“Last night I baked corn bread, but the house got so hot I thought the furniture would melt. That old air conditioner doesn’t do squat!”

Breathing heavily with her effort, Dottie began to fasten the string to the other end of the branch.

“Three-C called this morning. Somebody needs to explain to him that he’s never going to be my real dad, not to mention being a dad doesn’t require knowing every single minuscule fact about your child’s life.” Mercedes slid Mo a sideways look. “Your dad’s living proof, right?”

Mercedes knew that Mo had destroyed the Letter. She also knew Mo did not exactly feel great about it, so did she have to bring it up?

“He would just have torn it up himself,” Mo said. “I saved him the trouble.”

Dottie gnawed the end of a green twig. For someone who ate so much candy, her teeth were surprisingly strong.

“Right,” Mercedes agreed. “I’m just saying-”

“Watch this!” Dottie positioned her contraption at arm’s length. Fitting the tip of the chewed-up twig to the string, she arched her back, aimed at the sky, and let fly. The twig made a graceful loop-the-loop and landed at her feet. Dottie scowled, picked up the stick, and tried again. And again.

“Dottie, if you don’t mind my asking, what do you think you’re doing?”

“Bringing the rain!”

Mercedes’s face softened. “Did Da read you that book? That was one of my favorites. Kapiti Plain, where it hasn’t rained so long, all the crops are shriveling up and the animals are dying, so this guy finds an eagle feather and makes an arrow and-”

“And he shoots the clouds and the rain comes pouring down!” Dottie slapped her forehead. “I forgot the feather-no wonder.” She charged off, dry brush crackling beneath her feet.
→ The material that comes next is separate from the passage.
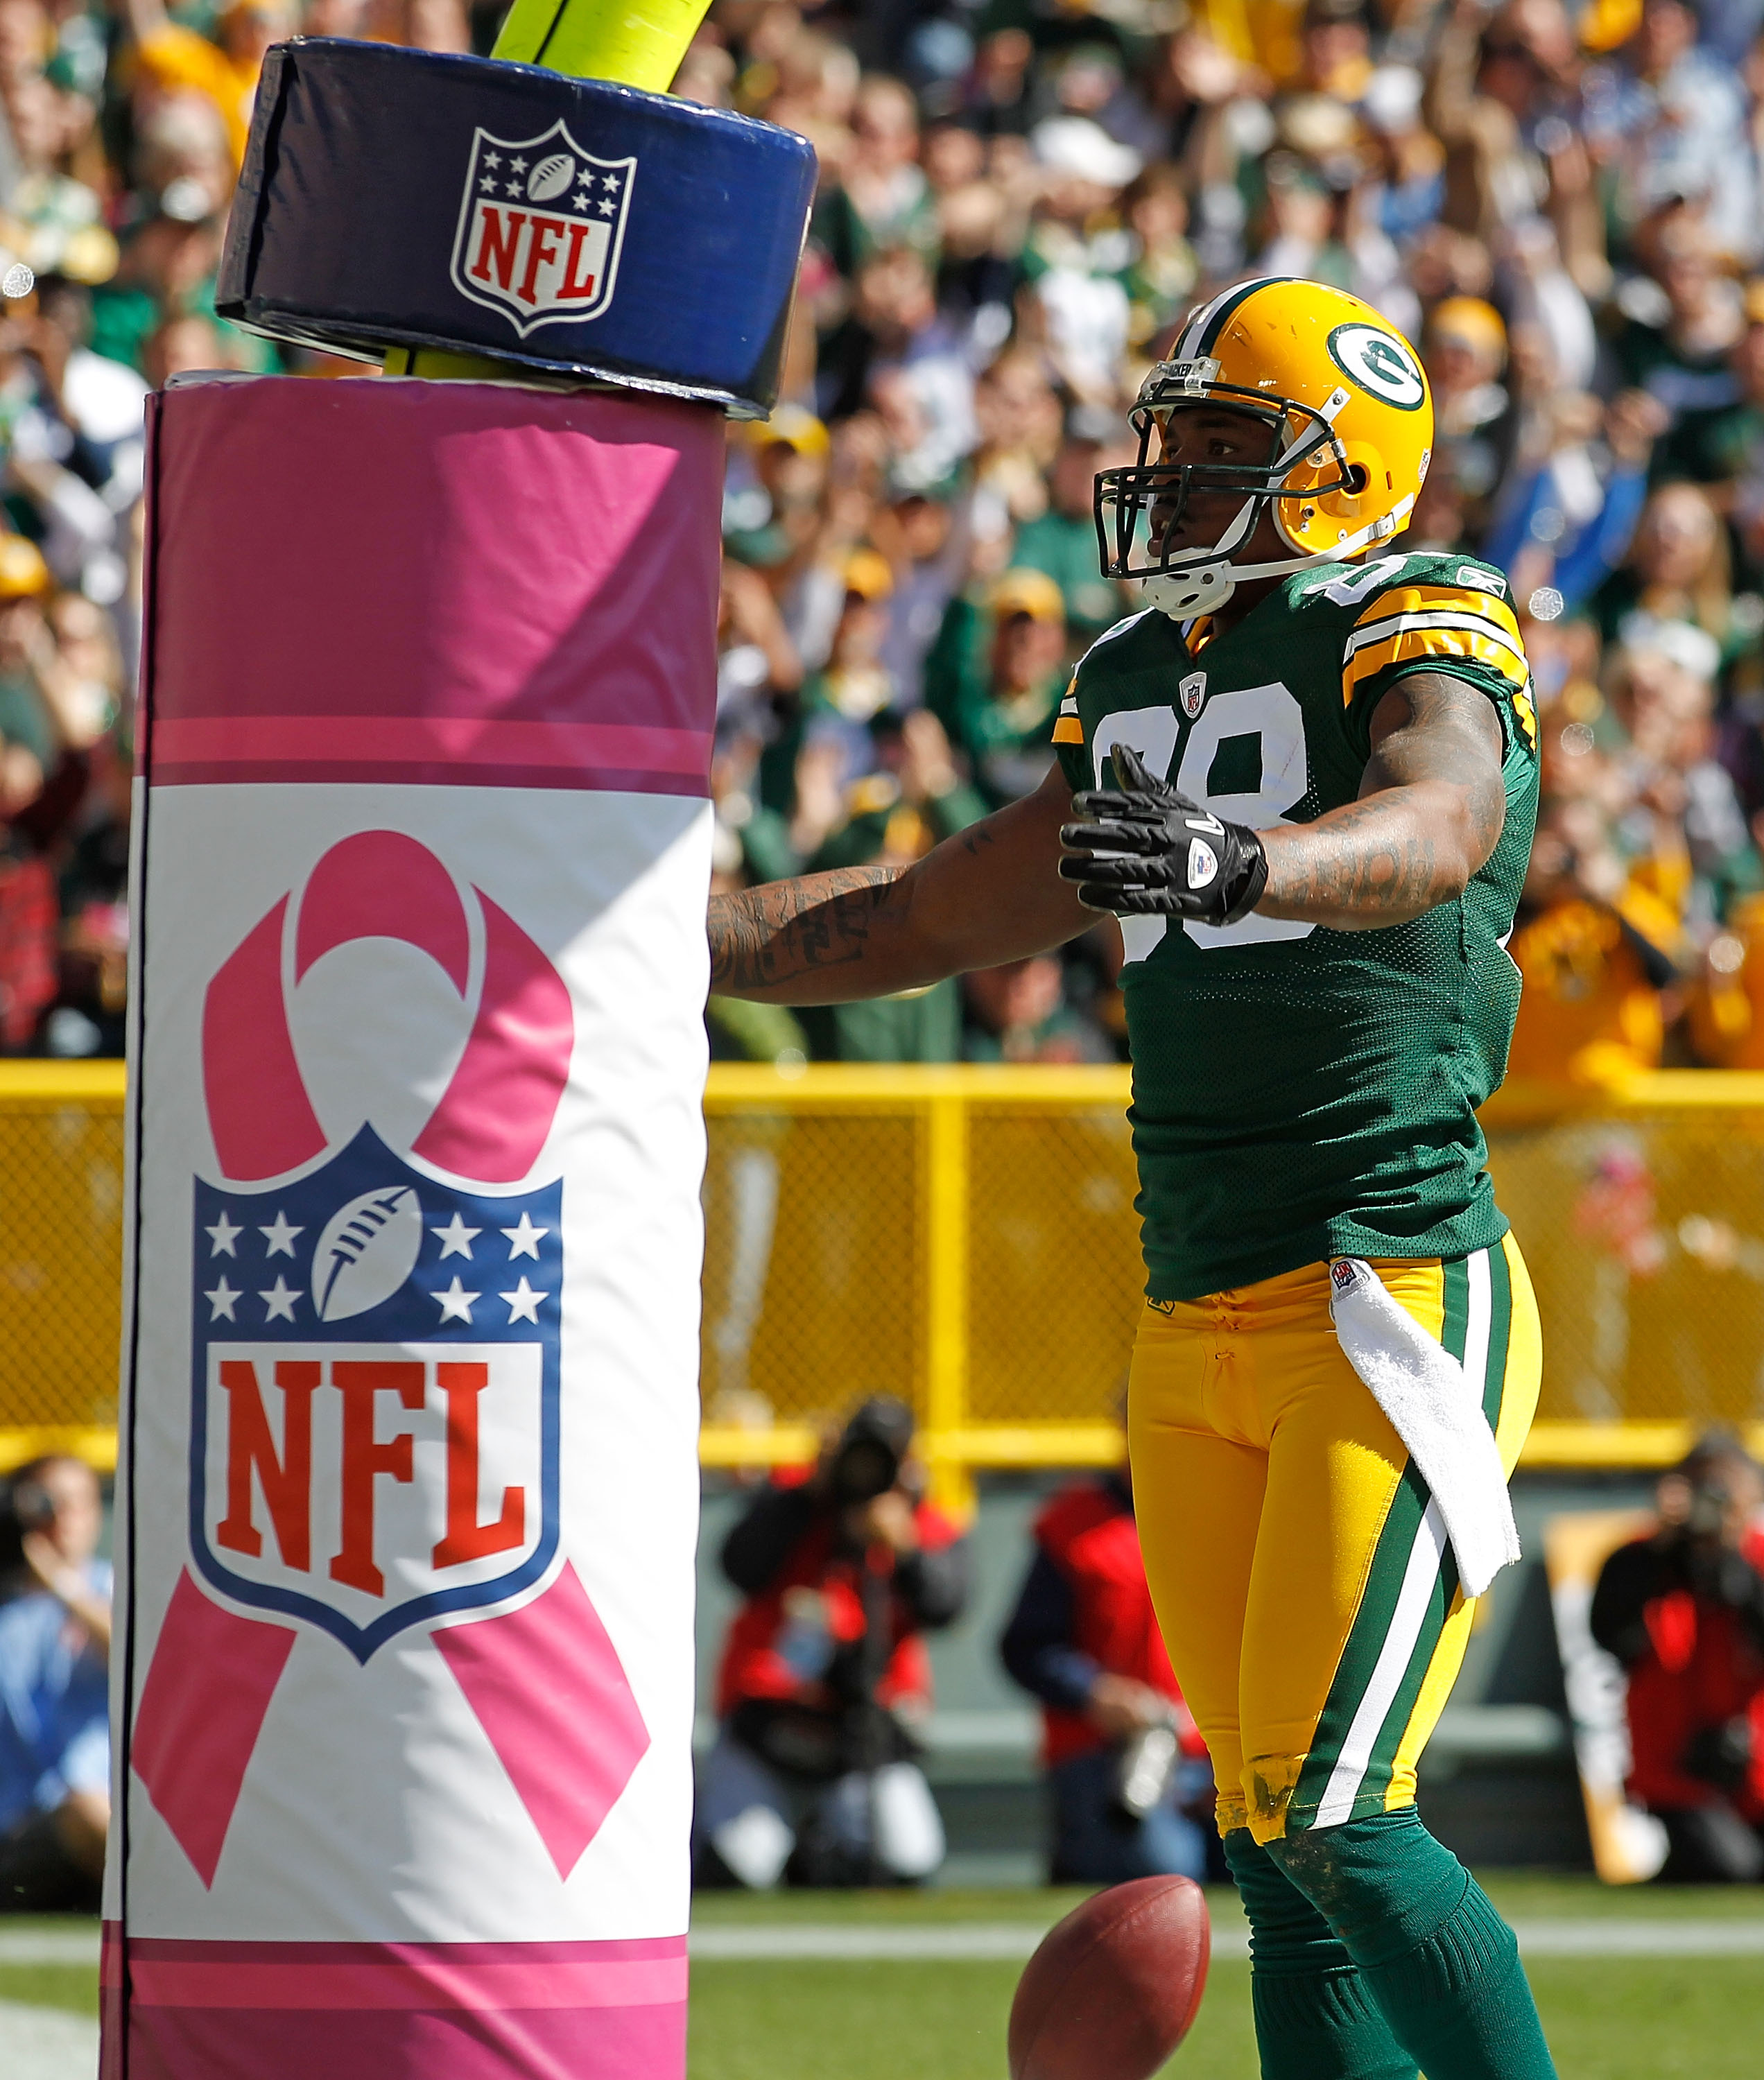 GREEN BAY, WI - OCTOBER 03: Jermichael Finley #88 of the Green Bay Packers celebrates a touchdown catch against the Detroit Lions in front of a goal post wrapped with a breast cancer awarness pad at Lambeau Field on October 3, 2010 in Green Bay, Wisconsin

“At least I don’t have a little sister.” Mercedes stood up. “Things could be much, much worse.” She dusted off her beautiful black jeans. “Da still gets tired by afternoon. I have to make sure she takes her rest. Not to mention takes her pills and rubs the ointment on her feet.” Mercedes counted off her duties on her long fingers. “Three-C says she should have recovered from the surgery by now. He says if she lived with us, she’d be seriously healthier.” She heaved a sigh. “I’m going.”
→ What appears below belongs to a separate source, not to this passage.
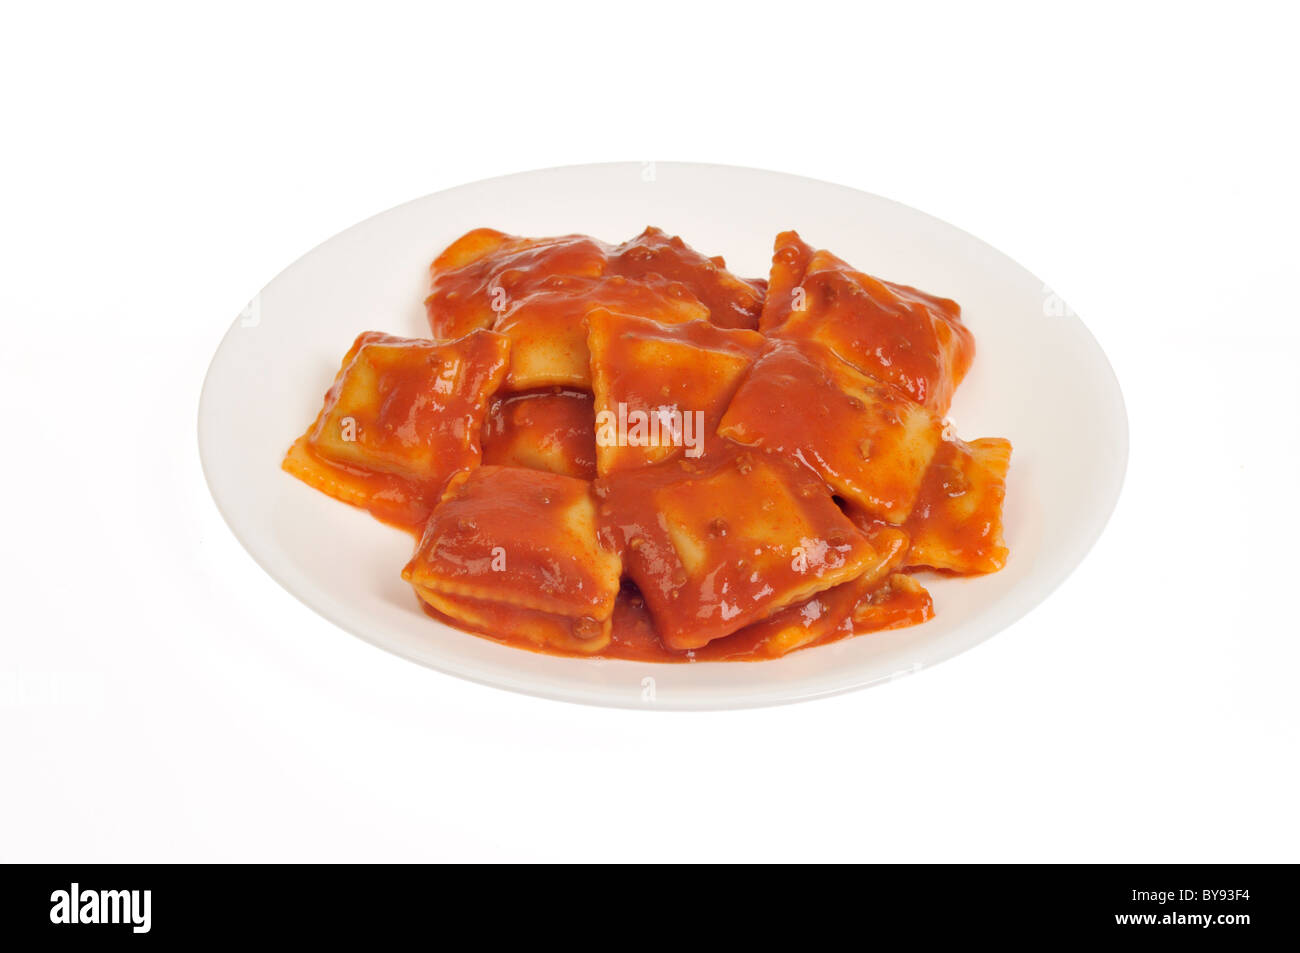 Plate of Beef Ravioli in a white bowl on white background, cut out. Stock Photo

When Mercedes was gone, Mo tidied up the Den. Every summer till now, Da had fussed over Mercedes as if she were Queen of the Nile. Now it was Mercedes’s turn to be the caretaker. No wonder she was a little grumpy and thoughtless. Not to say coldhearted.

Mo set off to fetch Dottie.

Scat

NOT THAT SHE CALLED her little sister’s name. Not yet.

Clumsy human that she was, Mo struggled to keep upright as she made her way down toward the stream. Vulpes vulpes had exquisite balance! When a fox ran-and it could run very, very fast-its tracks traced a single true line. Light and swift, a red fox barely dented the ground with its tracks.

Mo tripped over a sticking-up root, tilted backward, landed on her butt, and slid downhill, digging in her heels just in time to prevent scraping her shin against a rusty fender. Flat on her back, dumb as a turkey on a platter.

But then, as she lay there, something began to happen. Slowly, gently, as if she were dreaming with her eyes open, Mo sensed she was no longer alone. The air turned beamy, the rays of the sun weaving themselves into a beautiful quilt. It floated over her, tucked itself in around her. Aah. How safe she felt. Something was watching over her.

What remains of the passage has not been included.